Question

How do you factor ${{x}^{4}}-8{{x}^{2}}-9$ ?

Answer 1

We are given an equation ${{x}^{4}}-8{{x}^{2}}-9$ , we are asked to find all its factors. We will learn about its degree then we find a method to solve this problem. We look closely and see we have our equation in form of ${{x}^{2}}$ so we start solution by substituting ${{x}^{2}}$ as ‘t’ then we get our equation as a quadratic equation. we solve further using middle terms split.

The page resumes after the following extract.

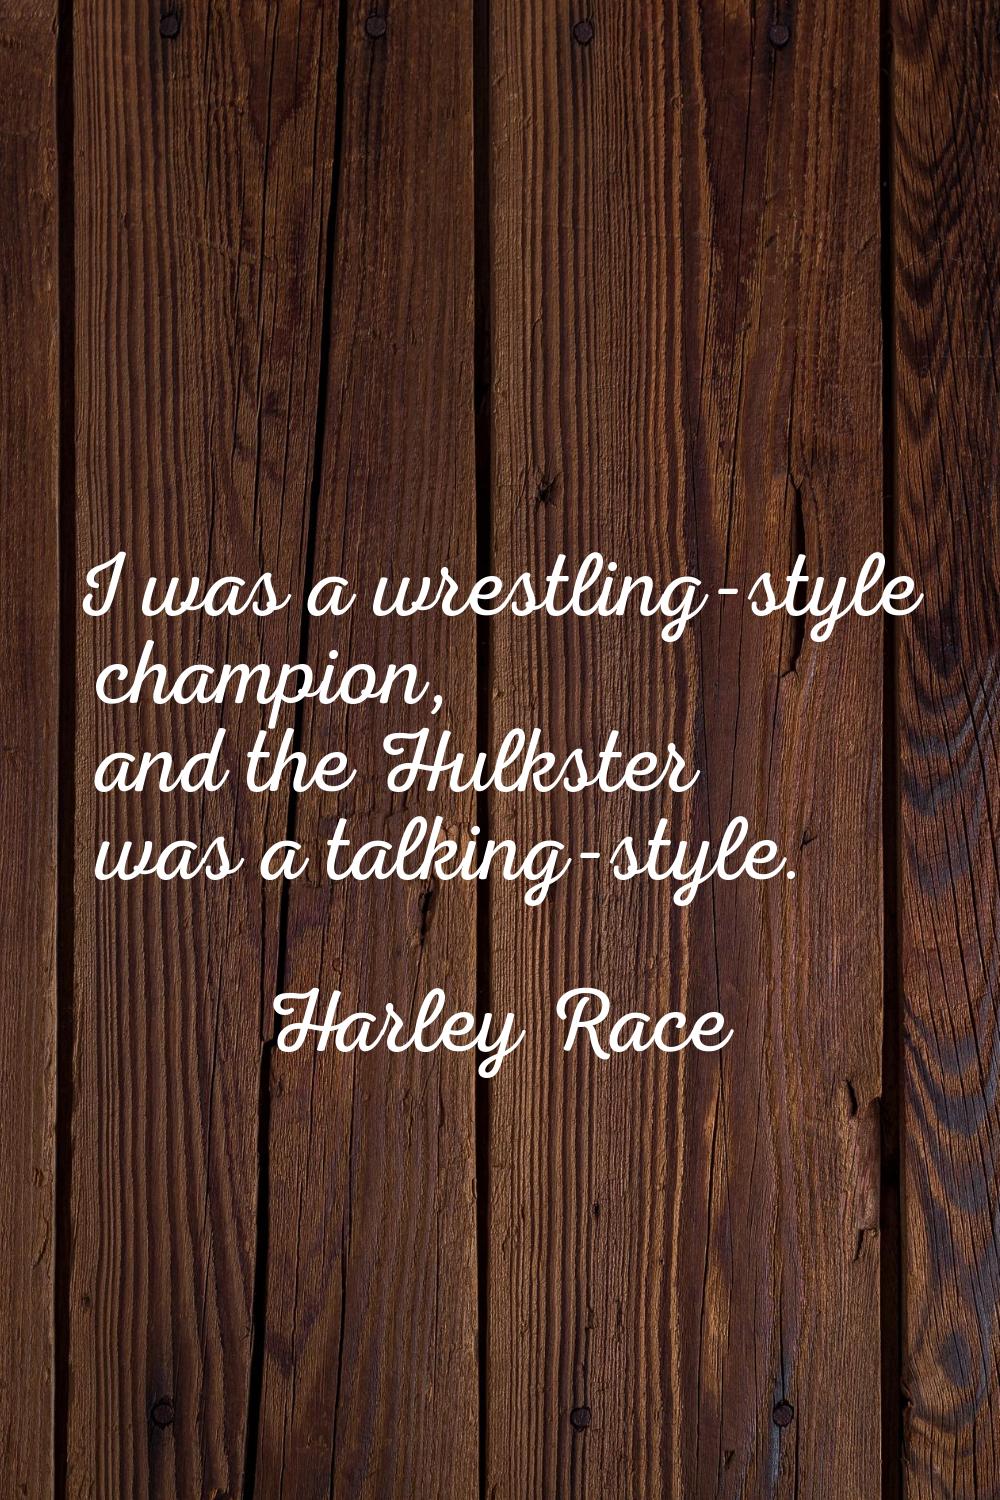 I was a wrestling-style champion, and the Hulkster was a talking-style.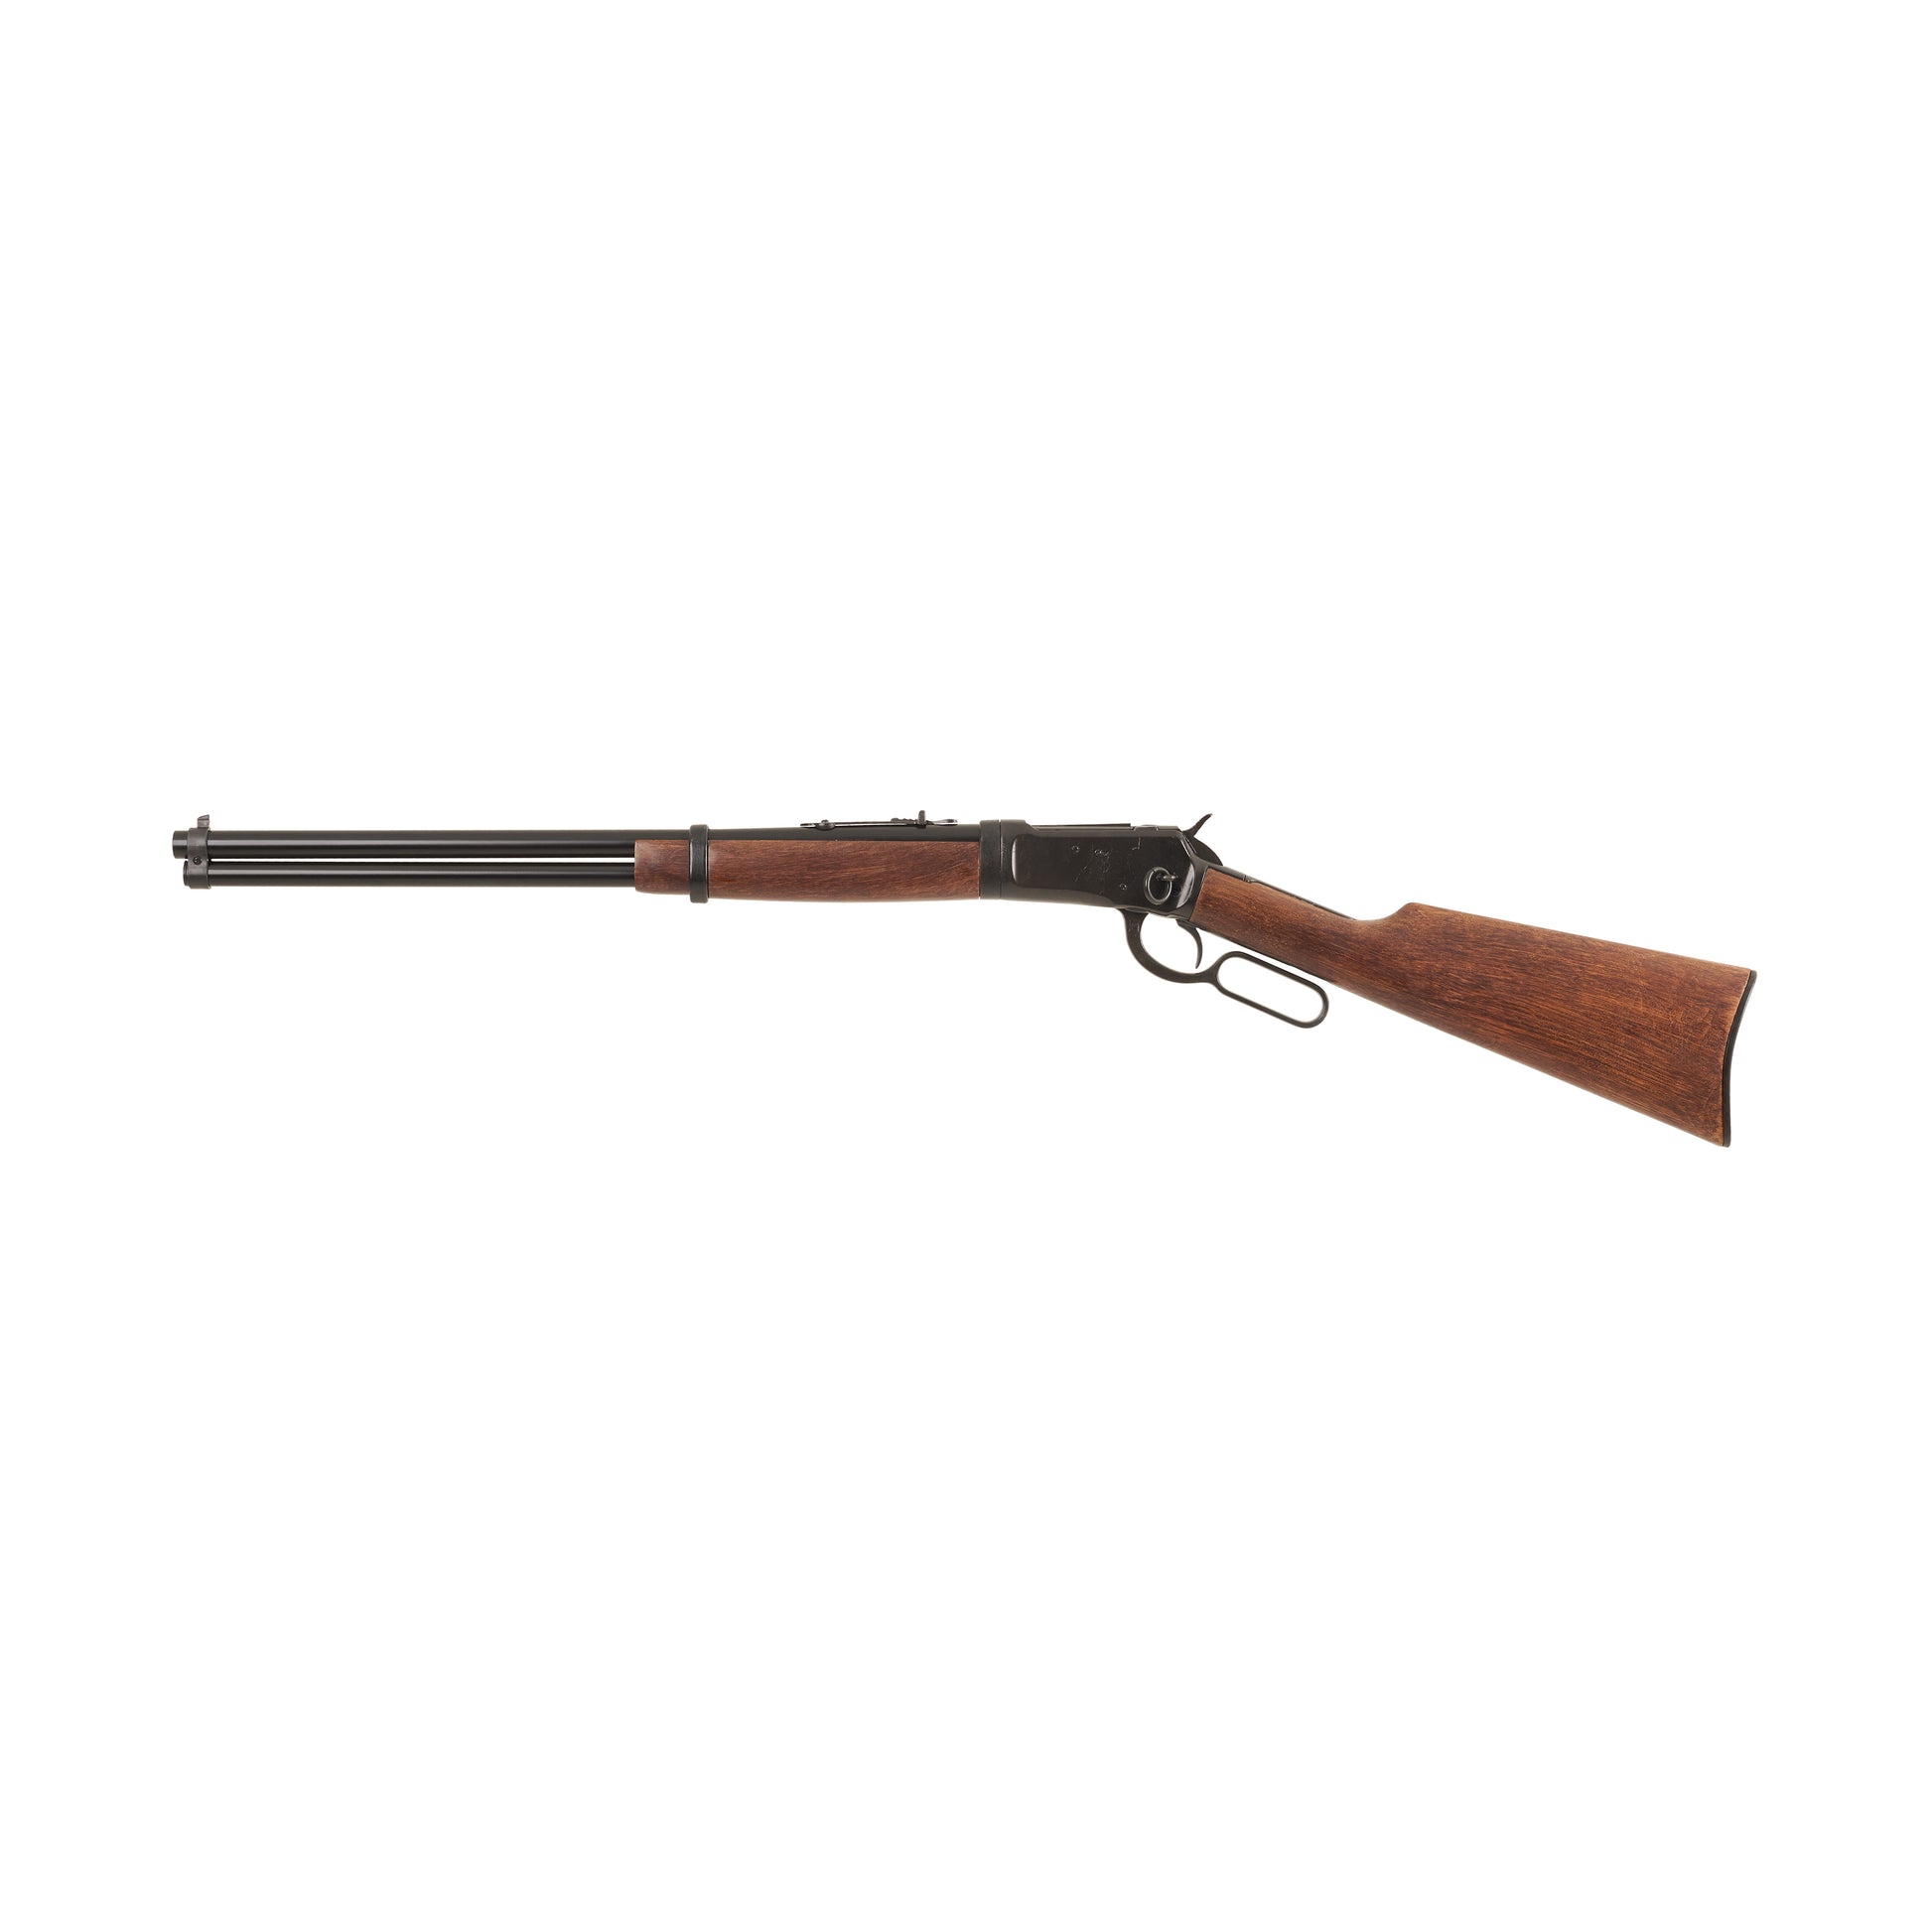 Left view of Replica 1892 Old West Rifle with wooden stock and black fittings and barrel.

Once we split the above described quadratic to its factor then we will use $\left( \alpha +\beta \right)\left( \alpha -\beta \right)={{\alpha }^{2}}-{{\beta }^{2}}$ to factor as much as possible then at last we simplify and finish the solution.

Complete step-by-step solution:
We are given an equation ${{x}^{4}}-8{{x}^{2}}-9$. We are asked to factor the given equation.
Now we can see our equation, we are having the highest power as ‘4’ so it will have ‘4’ terms in the factor form.
As we look closely then we can see that our variable are in form of ${{x}^{2}}$ , that is we have ${{x}^{2}}$ and ${{x}^{4}}$ . as we know ${{x}^{4}}={{\left( {{x}^{2}} \right)}^{2}}$ so we can write our equation as ${{\left( {{x}^{2}} \right)}^{2}}-8{{x}^{2}}-9$ .
Now to simplify it a little we substitute ${{x}^{2}}$ as ‘t’ so we get –
${{\left( {{x}^{2}} \right)}^{2}}-8{{x}^{2}}-9={{t}^{2}}-8t-9$
Now we have a quadratic equation, we will solve this quadratic equation using the method of middle term split.
This method say equation $a{{t}^{2}}+bt+c$
We find such numbers whose product is the same as $a\times c$ and their difference or sum is the same as ‘b’.
Now in ${{t}^{2}}-8t-9$
We have $a=1,b=-8,c=-9$
So, we can see that $a\times c=1\times \left( -9 \right)=-9$
We can see that $-9\times 1=-9$
And $-9+1=-8$
So we use $-9+1$ to split middle term using these below, we get –
${{t}^{2}}-8t-9={{t}^{2}}+\left( -9+1 \right)t-9$
Opening bracket, we get –
$={{t}^{2}}-9t+t-9$
By simplifying, we get –
$=t\left( t-9 \right)+1\left( t-9 \right)$
Taking $\left( t-9 \right)$ as common, so we get –
$=\left( t+1 \right)\left( t-9 \right)$
Now we substitute ‘t’ back as ${{x}^{2}}$ , so we get –
${{x}^{4}}-8{{x}^{2}}-9=\left( {{x}^{2}}+1 \right)\left( {{x}^{2}}-9 \right)$
Now as we see ${{x}^{2}}+1$ cannot be simplified further but ${{x}^{2}}-9$ we can simplify it
We know $\left( \alpha +\beta \right)\left( \alpha -\beta \right)={{\alpha }^{2}}-{{\beta }^{2}}$
As $9={{3}^{2}}$
So we use $\alpha =x$ and $\beta =3$ so we get –
$\left( {{x}^{2}}-9 \right)=\left( {{x}^{2}}-{{3}^{2}} \right)$
Using $\left( \alpha +\beta \right)\left( \alpha -\beta \right)={{\alpha }^{2}}-{{\beta }^{2}}$ we get –
$=\left( x+3 \right)\left( x-3 \right)$
**Putting it above, we get –
${{x}^{4}}-8{{x}^{2}}-9=\left( {{x}^{2}}+1 \right)\left( x+3 \right)\left( x-3 \right)$ **

Note: In real line we cannot factor ${{x}^{2}}+1$ , because if we do it mean we have ${{x}^{2}}+1=0$ implies $x=\sqrt{-1}$ which is not true as square roots take only positive value.
But if our equation is in a complex plane then we can solve it more further.
We know that $\sqrt{-1}=i$ so, we can split ${{x}^{2}}+1$ into linear factor as –
${{x}^{2}}+1=\left( x+i \right)\left( x-i \right)$
Hence our given equation ${{x}^{4}}-8{{x}^{2}}-9$ will have factor as $\left( x+3 \right)\left( x-3 \right)\left( x+i \right)\left( x-i \right)$ where I denotes iota $i=\sqrt{-1}$ .